━━ Supplied material ━━

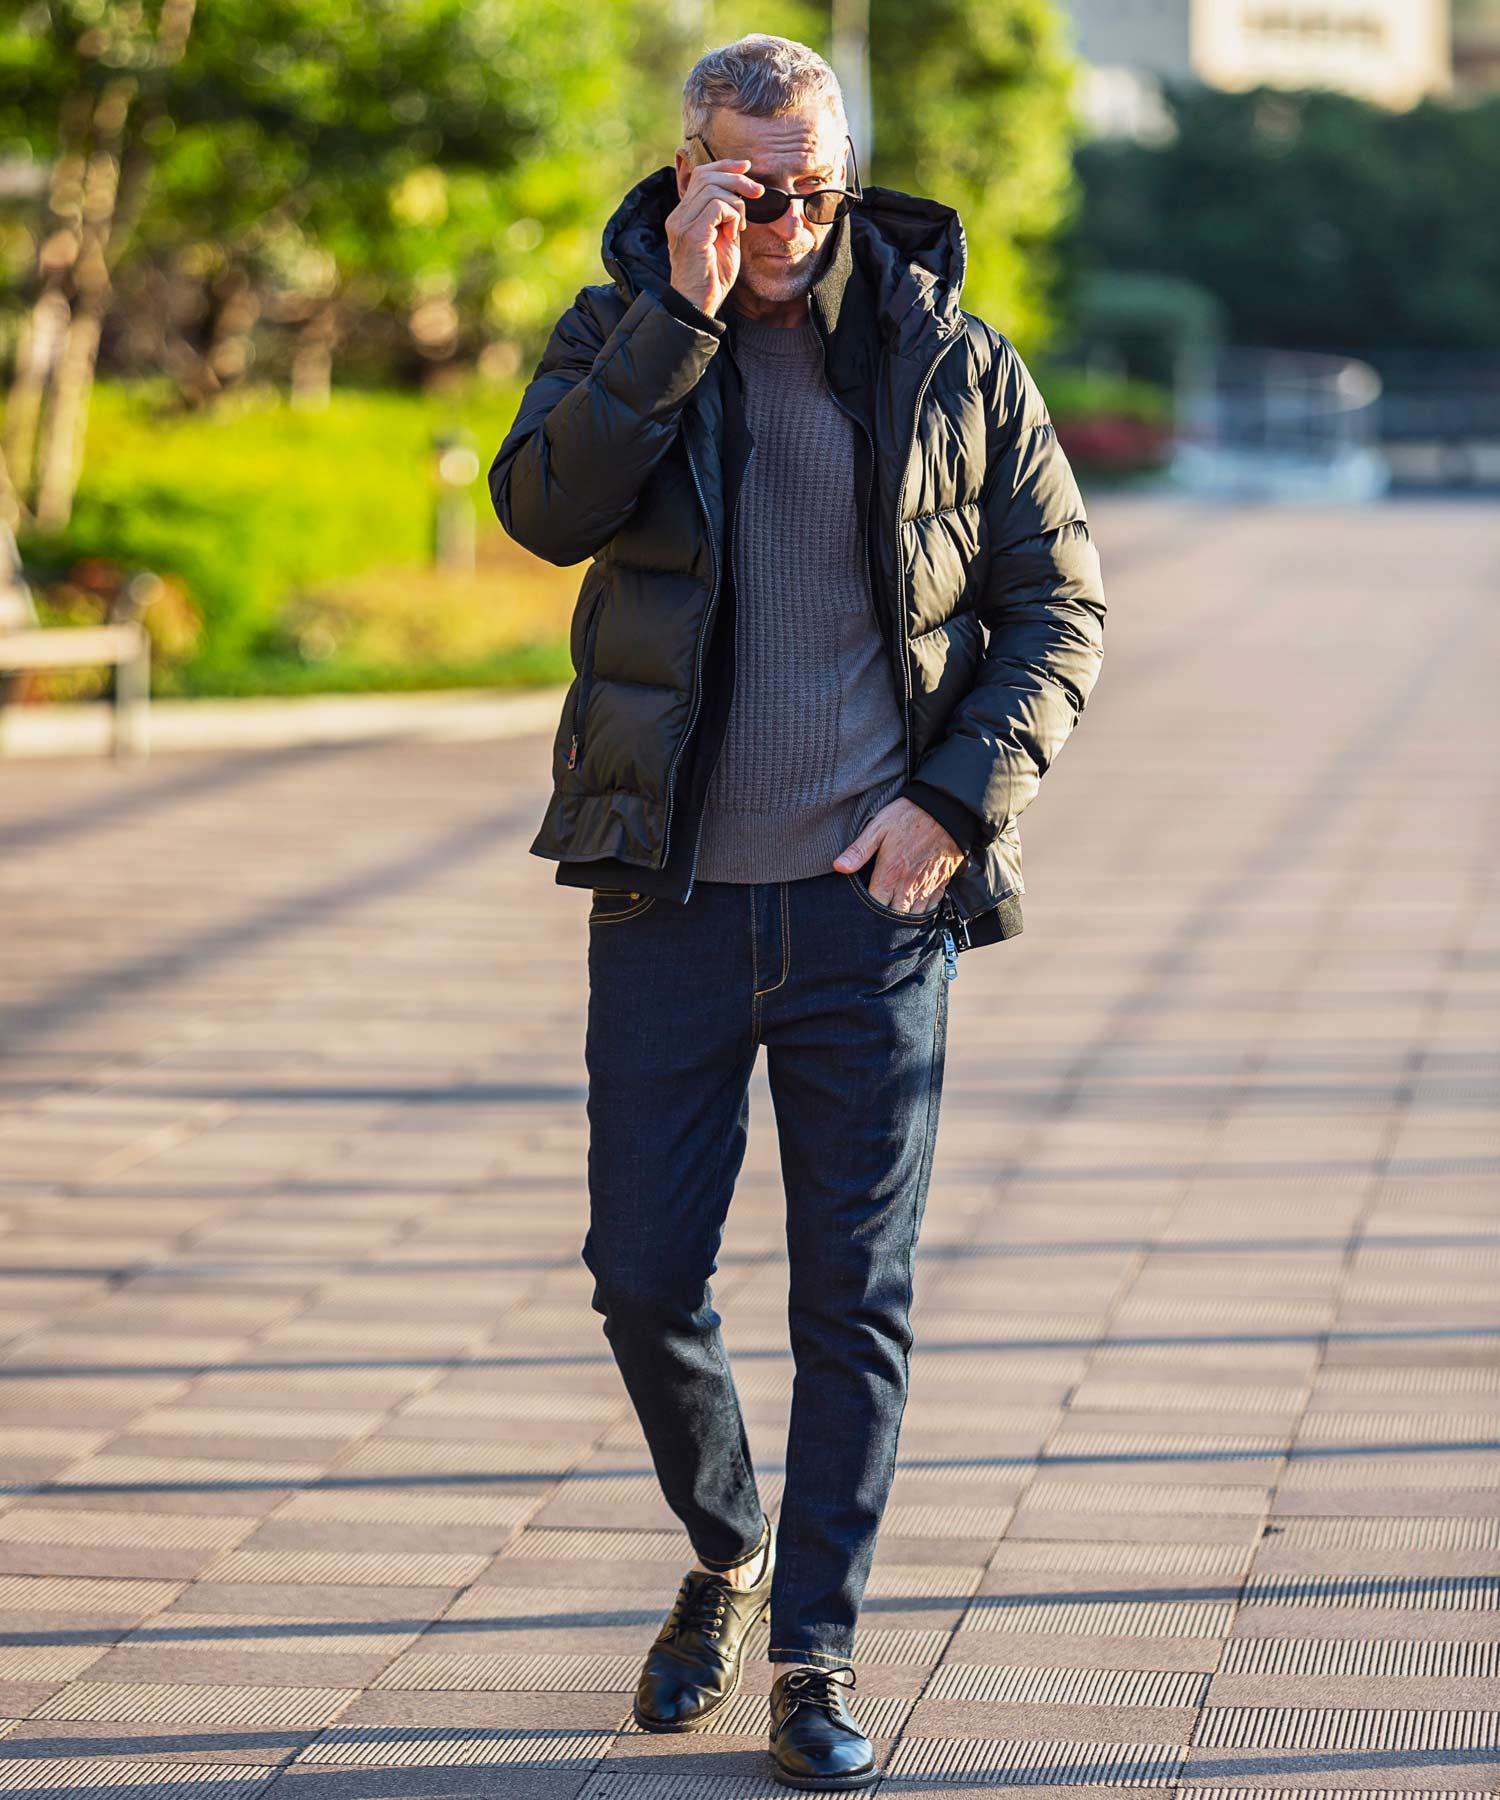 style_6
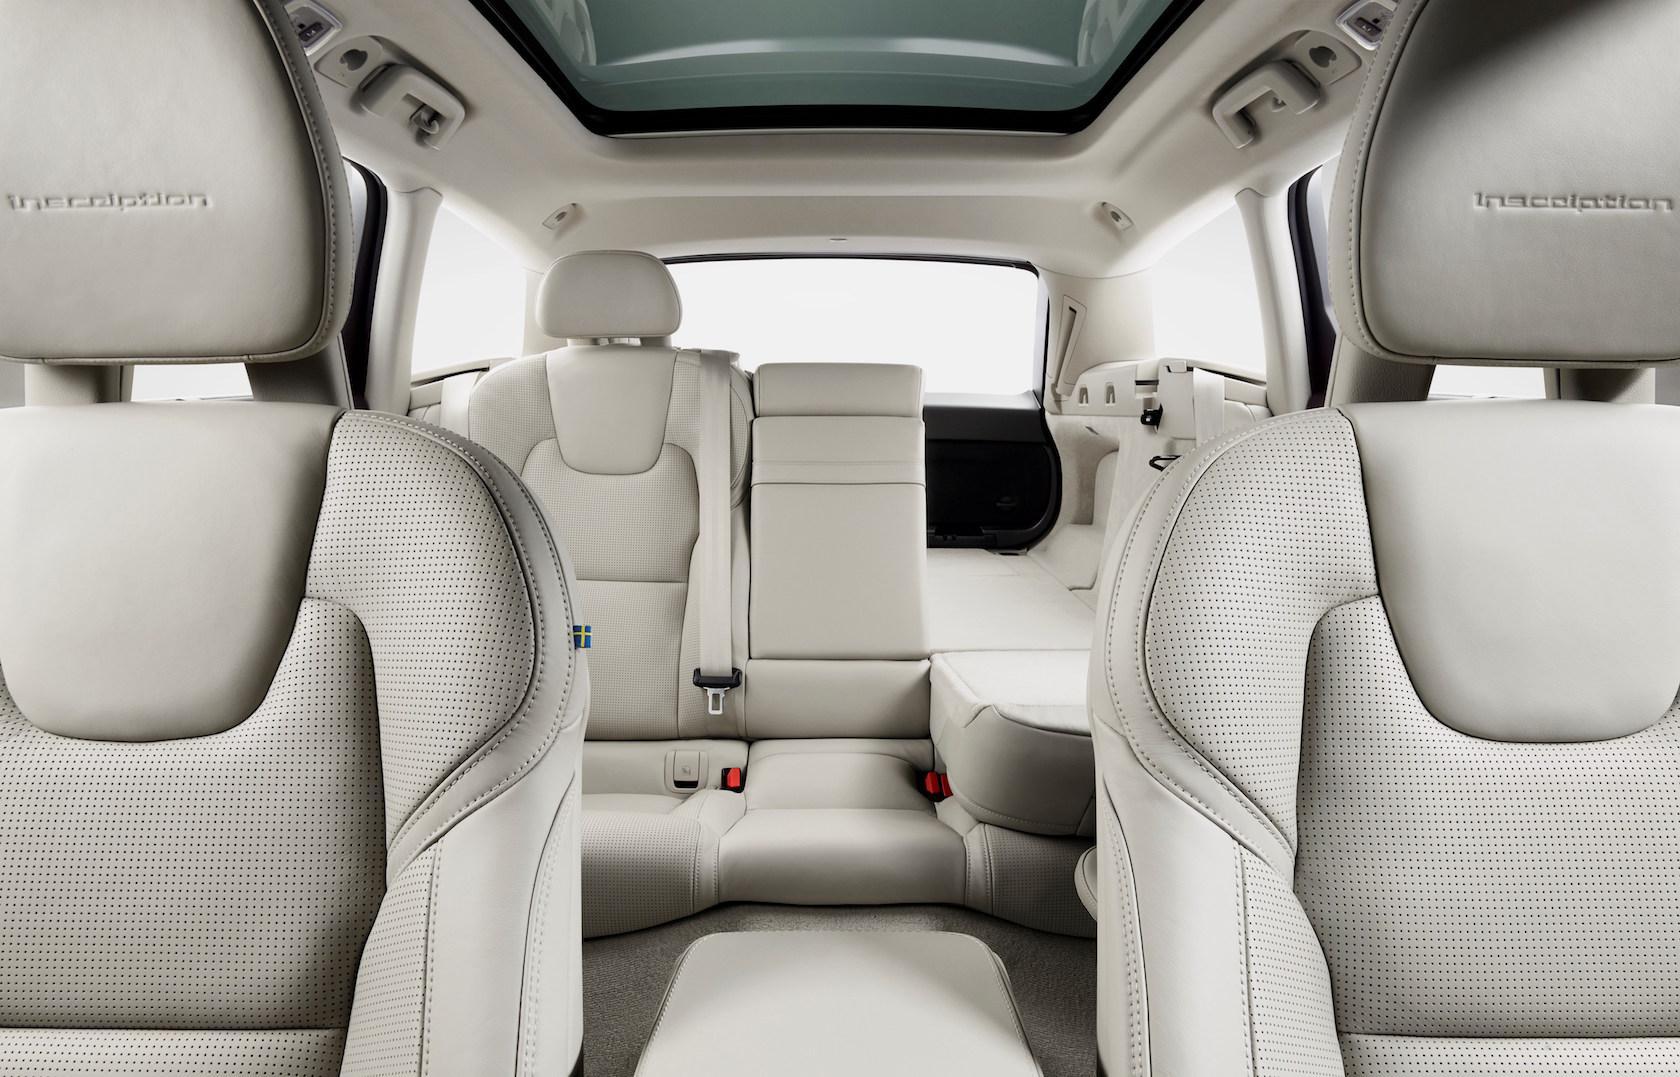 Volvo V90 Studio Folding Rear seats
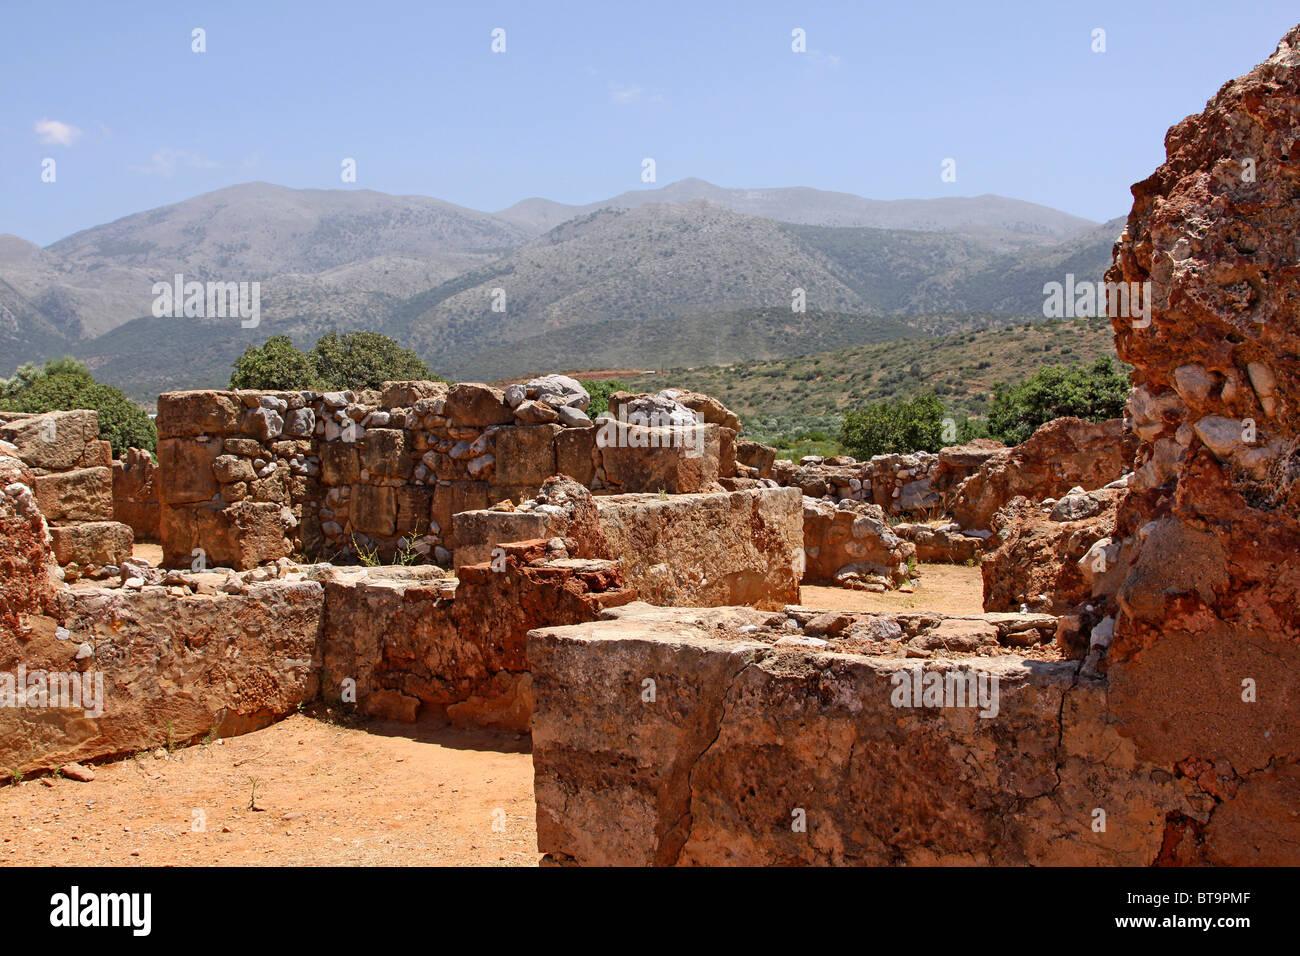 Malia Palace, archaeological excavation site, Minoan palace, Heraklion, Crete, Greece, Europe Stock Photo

━━━

Set down the entire material verbatim, with each picture left out.

Response below:
 style_6
 Volvo V90 Studio Folding Rear seats
 Malia Palace, archaeological excavation site, Minoan palace, Heraklion, Crete, Greece, Europe Stock Photo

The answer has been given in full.